Market structure: Elevated AAL option vols (put IV 80% vs realized 54%) reward premium sellers and market‑making desks; cash‑secured put sellers and covered‑call writers directly benefit if travel demand remains stable, while equity-only long holders suffer if downside shocks force selling. The put/call skew (puts richer than calls) signals asymmetric demand for downside protection versus upside speculation and implies higher probability-weighted losses than simple price action suggests. Risk assessment: Tail risks are a recession-driven drop in leisure/business travel, a >$15/bbl jet‑fuel spike (~$90+ crude), or labor/operational disruptions that could knock AAL >30% in weeks — these events would blow through short premium strategies. Timeframes: immediate (days) is premium collection and IV monitoring; short (weeks–months) covers earnings, CPI/Fed moves and oil; long (quarters) depends on structural demand recovery and capacity discipline. Hidden dependencies include option liquidity, assignment clustering, and tail hedges being costly; catalysts to watch: AAL earnings, TSA throughput, 3‑month jet fuel trend, and changes in implied vs realized vol (>20pp gap). Trade implications: Tactical, defined‑risk income plays are preferred to naked exposure.
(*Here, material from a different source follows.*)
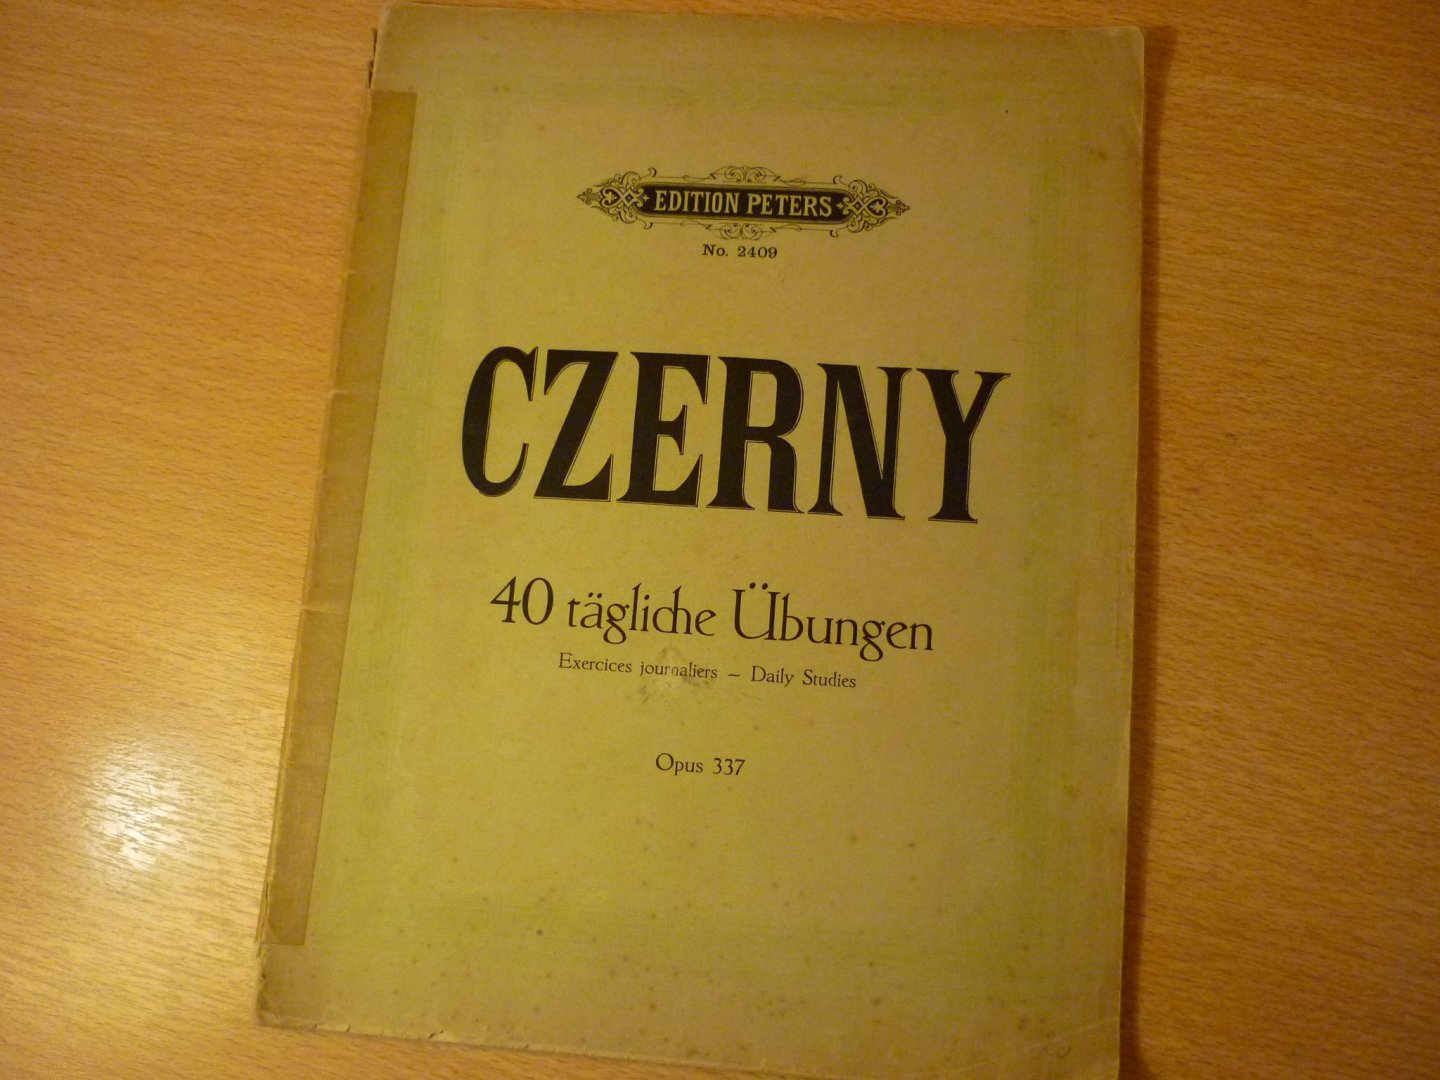 Czerny; Carl (1791 – 1857); revidiert von Adolf Ruthardt - 40 tagliche Ubungen - Opus 337

Use cash‑secured puts at 15.50 (collect $0.30) only when IV‑realized spread ≥20pp (today) and cap downside via buying a lower strike put (e.g., 13.50) to create a bear‑put spread or defined‑risk put spread. For mild bullish neutral exposure, buy stock and sell Feb‑2026 16.50 calls to pocket ~0.31 premium (7.2% capped upside); keep sizing small (1–3% portfolio) and predefine roll/stop rules (close if AAL <14.50 or IV compresses >30pp). Contrarian angle: Consensus underweights the put skew — the market is paying up for catastrophic airline downside, so selling targeted, defined‑risk volatility (put spreads) is likely underpriced relative to realized moves unless macro collapses. Reaction isn’t fully overdone: premium is rich but hazard of binary operational shocks makes naked premium-selling dangerous; history (post‑COVID vol crushs then rebounds) warns that IV can gap higher quickly, so always pair premium selling with protective wings or strict size limits.